Actualmente está en desarrollo un código formal para la nomenclatura filogenética, el PhyloCode, para su uso en la taxonomía cladística. Se pretende que lo utilicen tanto los que quieren abandonar la taxonomía linneana como los que quieren usar taxones y clados al mismo tiempo.

La clasificación filogenética es una clasificación científica de las especies basada únicamente en las relaciones de proximidad evolutiva entre las distintas especies, reconstruyendo la historia de su diversificación (filogénesis) desde el origen de la vida en la Tierra hasta la actualidad. Para construir este tipo de clasificación se recurre ahora generalmente al método cladístico, ideado por Willi Hennig y propuesto en su obra Grundzüge einer Theorie der phylogenetischen Systematik (Fundamentos de una teoría de la sistemática filogenética),[6]​ publicada en Alemania en 1950. Esta obra no obtuvo aceptación general en la comunidad hasta que Hennig la tradujera al inglés en 1966. Desde entonces la clasificación filogenética no ha cesado de reemplazar progresivamente a la clasificación tradicional (o linneana), iniciada por Carlos Linneo en 1735 en su libro Systema Naturae.

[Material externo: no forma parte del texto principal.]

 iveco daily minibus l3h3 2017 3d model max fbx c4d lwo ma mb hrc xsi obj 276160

Varias ideas del análisis filogenético de las especies biológicas han sido incorporadas por la lingüística histórica en la clasificación filogenética de las familias de lenguas y también por la crítica textual para la filiación de los diferentes manuscritos (testimonios) de una obra.[7]

Se adjunta la clasificación filogenética del clado AVES: Las aves estarían categorizadas como una clase homónima en la taxonomía de Linneo. Pero en la taxonomía filogenética, las aves se ubican en el clado Theropoda (dinosaurios carnívoros bípedos).[8]

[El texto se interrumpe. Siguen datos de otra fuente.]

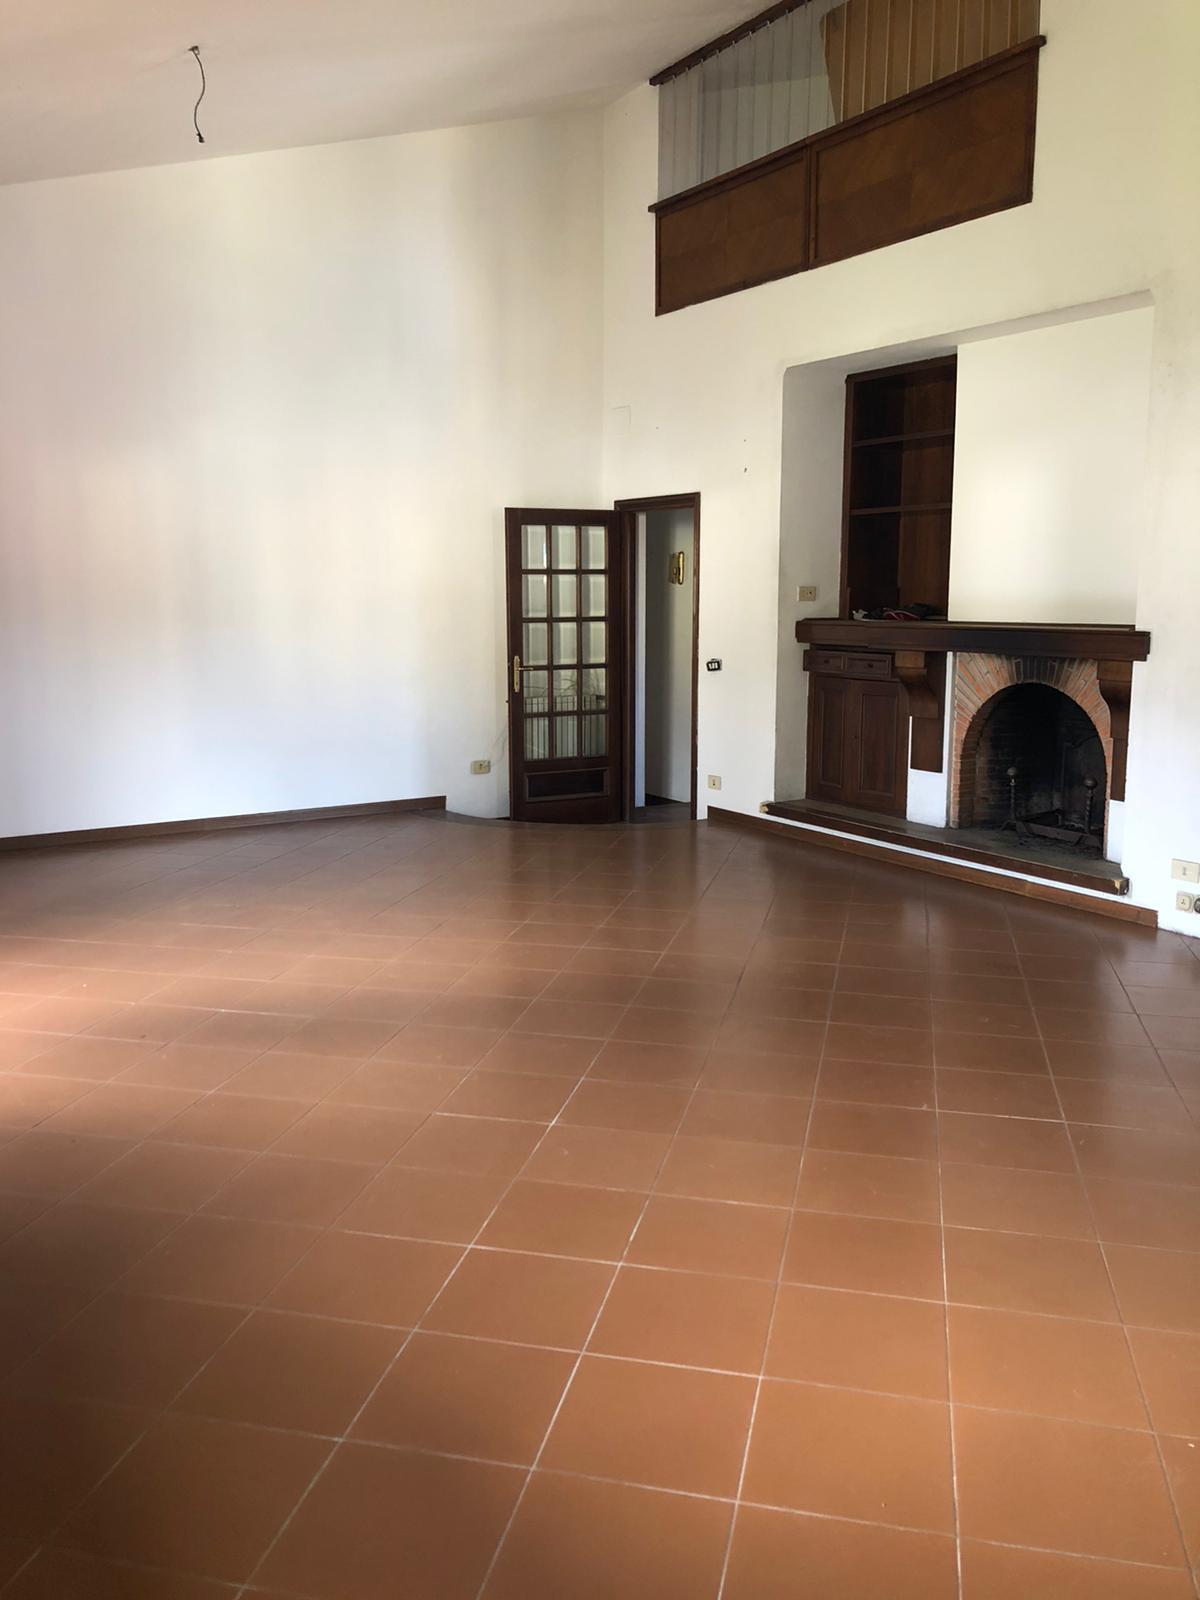 Villetta bifamiliare in vendita a Massarosa (LU)

El establecimiento del origen dinosauriano del clado Aves ha tenido como consecuencia su clasificación filogenética con anidación sucesiva dentro de los siguientes clados:

dominio: Eukarya,

La cladística no asume ninguna teoría de la evolución particular, solo el conocimiento original de la descendencia con modificación. Por ello, los métodos cladísticos se pueden aplicar, y así se ha hecho recientemente, a sistemas no biológicos, como determinar las familias de lenguajes en la lingüística histórica y filiar manuscritos en la crítica textual, además de la clasificación artefactual en arqueología.